Further, we evaluated the performance of five computational methods for spatial domain identification, including SpaVGN, SEDR, SCANPY, PAST, STAGATE and MuCoST (Fig 3d). These methods exhibited varying performances in tissue region partitioning, with SpaVGN showing the highest agreement with histological annotations, indicating its ability to better preserve the spatial structural information of the tissue. To further validate the clustering consistency, we conducted UMAP-based dimensionality reduction analysis (Fig 3e). The results indicated that SpaVGN achieved clearer spatial clustering and better separation of tissue regions while maintaining biological relevance, whereas the other methods exhibited some degree of mixing between different regions. Finally, spatial trajectory inference analysis was conducted to explore the spatial relationships among different tissue regions (Fig 3f). The results demonstrated that SpaVGN and STAGATE more accurately reconstructed spatial trajectories, revealing underlying biological hierarchies, while the inferred trajectories from other methods were more scattered or lacked clear hierarchical structure.

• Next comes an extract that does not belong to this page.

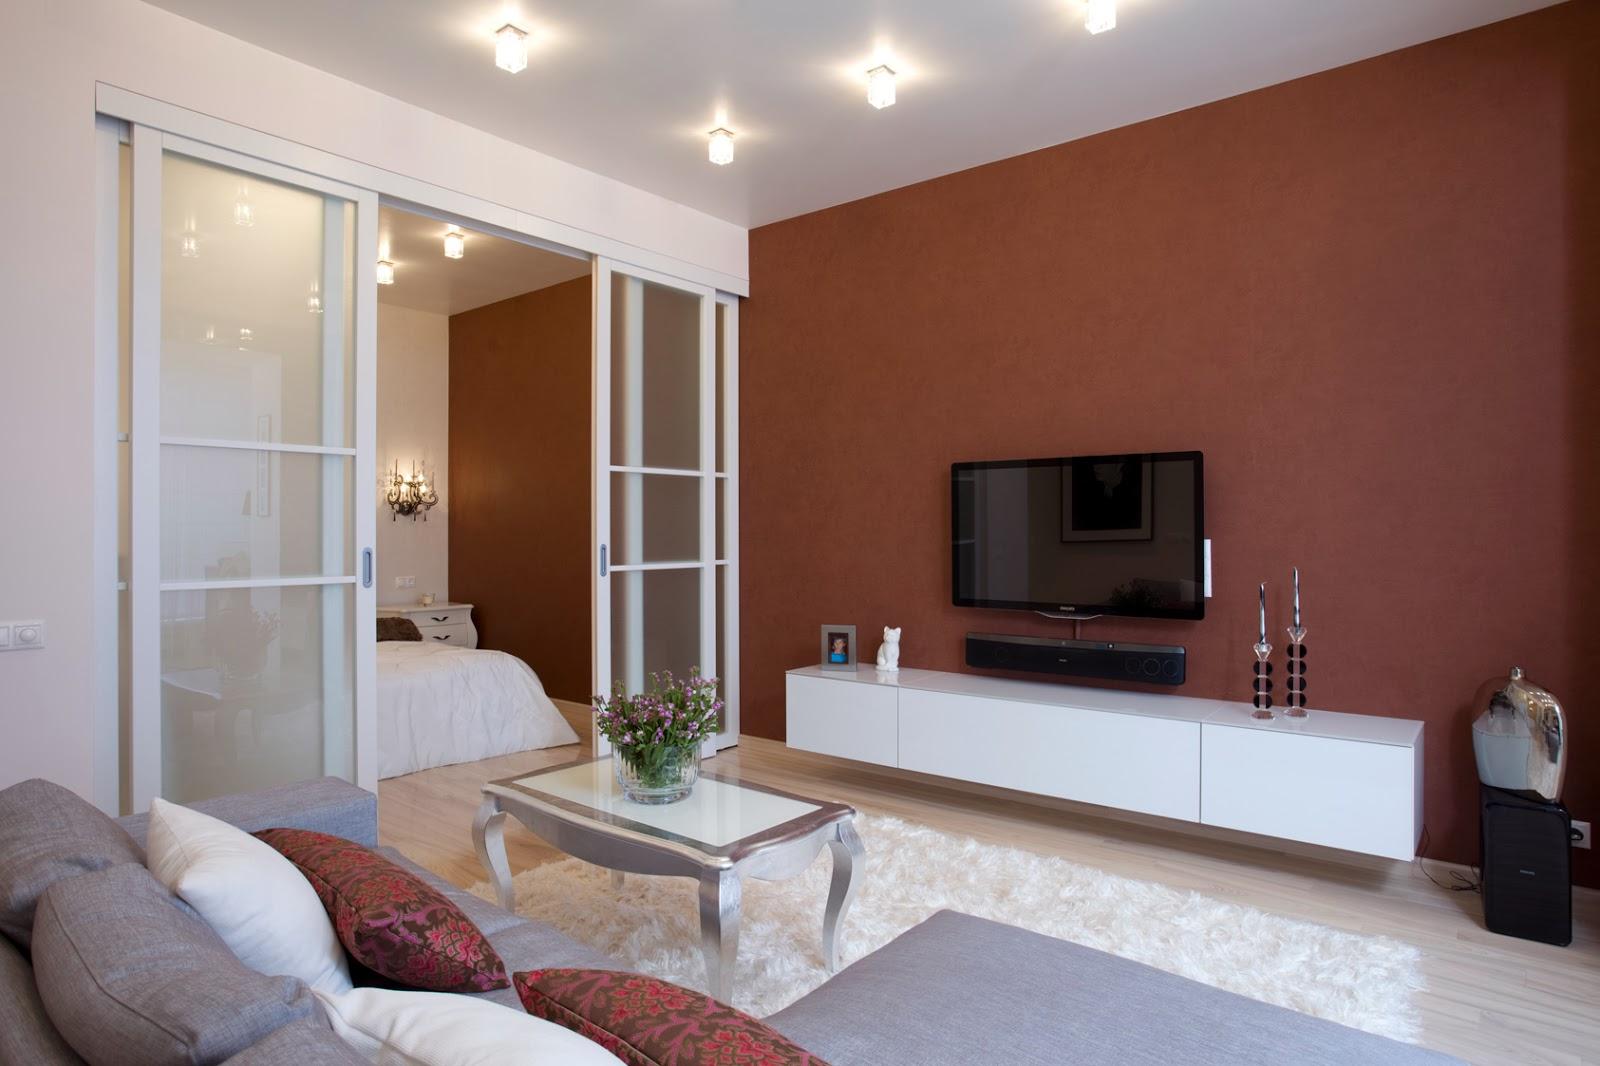 Однокомнатная квартира 40 кв м в стиле неоклассики

3.3. SpaVGN performance in sagittal posterior mouse brain 10x visium dataset
This study conducted a comprehensive analysis of spatial transcriptomics data from mouse brain tissue to evaluate the performance of various algorithms in identifying spatial domains. Based on the tissue structure observed under microscopy, regions such as the Isocortex, Olfactory Bulb (OLF), Basal Ganglia (BS), Hippocampal Formation (HPF), Cerebellum (CB), and Ventral Striatum (VS) were annotated [42], providing a reference framework for subsequent analysis (Fig 4a). Due to the lack of spot-level annotations, the Silhouette Score and Davies-Bouldin Score were used to evaluate clustering performance. The results showed that SpaVGN outperformed other methods in both Silhouette Score (0.43) and Davies-Bouldin Score (0.86), compared to SEDR (SC: 0.23, DB: 2.27), PAST (SC: 0.29, DB: 1.58), STAGATE (SC: 0.21, DB: 1.36), MuCoST(SC: 0.12, DB: 2.20) indicating that SpaVGN produces more compact and well-separated clusters (Fig 4b). Due to its lack of latent variable output, Scanpy could not be evaluated using these metrics.

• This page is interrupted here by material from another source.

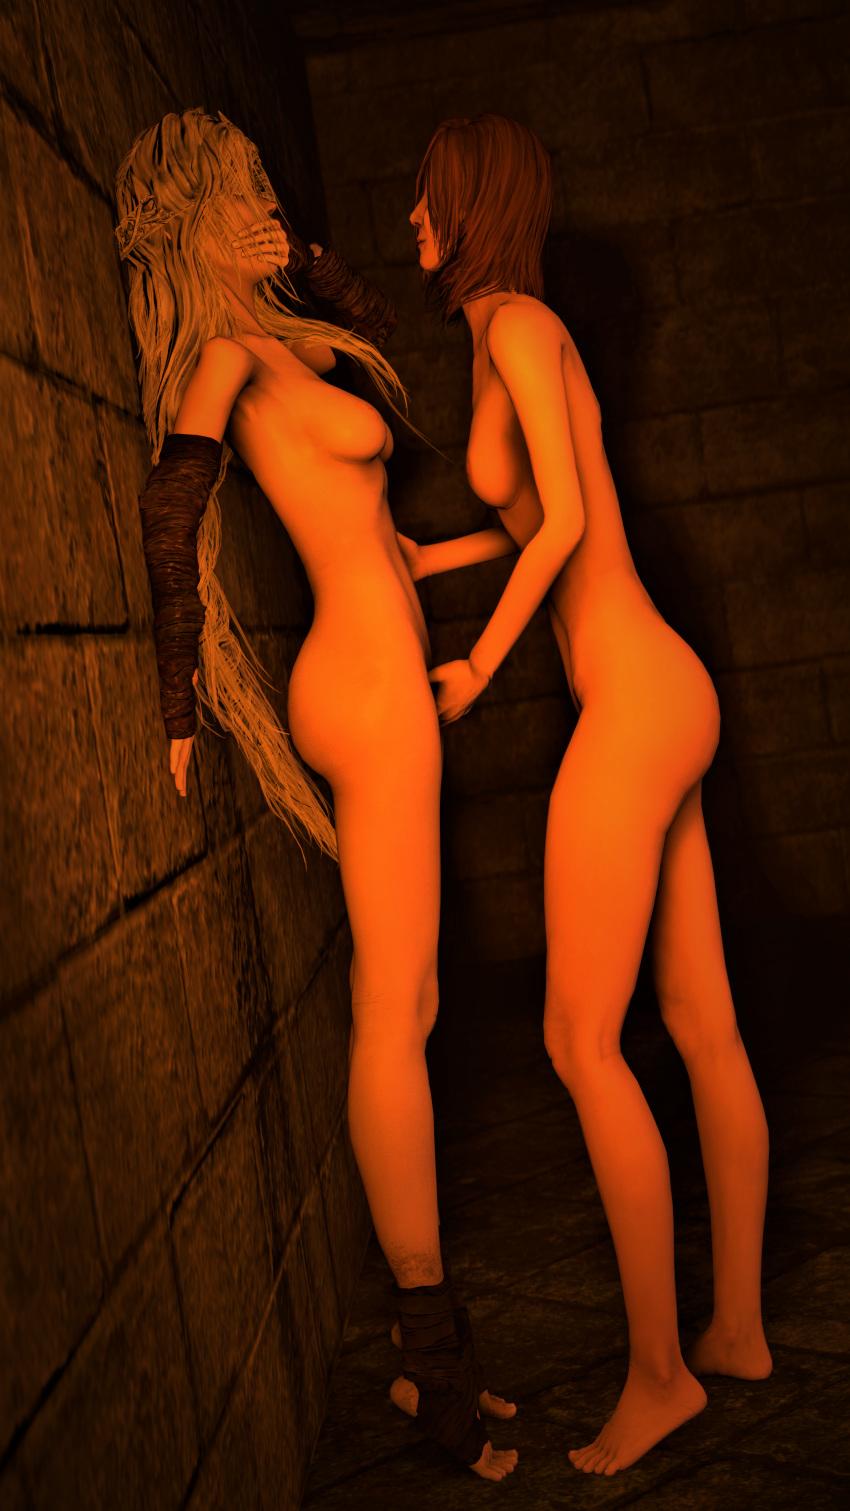 dark list souls snuggly 3 Game of thrones 3d porn

(a). Microscopic image of the tissue section and its annotated regions, showing the distribution of different anatomical areas. (b). Performance comparison of different methods in tissue region segmentation. The left panel shows the Separation Score, and the right panel shows the Davies-Bouldin Score. (c). Visualization of spatial domain identification results by different methods. The clustering results of each method are represented by different colors. (d). UMAP analysis results of different methods. (e). Partition-based Graph Abstraction analysis results of different methods.
Furthermore, SpaVGN demonstrated high precision in identifying subregions of the Hippocampal Formation (HPF), such as the Cornu Ammonis and Dentate Gyrus [43], demonstrating its fine-grained capability in spatial domain partitioning (Fig 4c). Further analysis of the low-dimensional embeddings generated by each method showed that SpaVGN better preserves the structure of spatial domains, forming tighter and more distinct clusters (Fig 4d). The PAGA network also supported this observation, as SpaVGN constructed a clearer and sparser spatial domain connectivity graph, reflecting biologically plausible relationships between spatial domains (Fig 4e). In contrast, other methods exhibited certain limitations. The SpaVGN network accurately captured spatial relationships between cell types, with node distributions closely matching the annotated tissue regions. By comparison, SEDR and Scanpy produced noisier connectivity graphs, while PAST, STAGATE and MuCoST generated overly sparse structures that failed to fully represent the complex spatial relationships among cell types.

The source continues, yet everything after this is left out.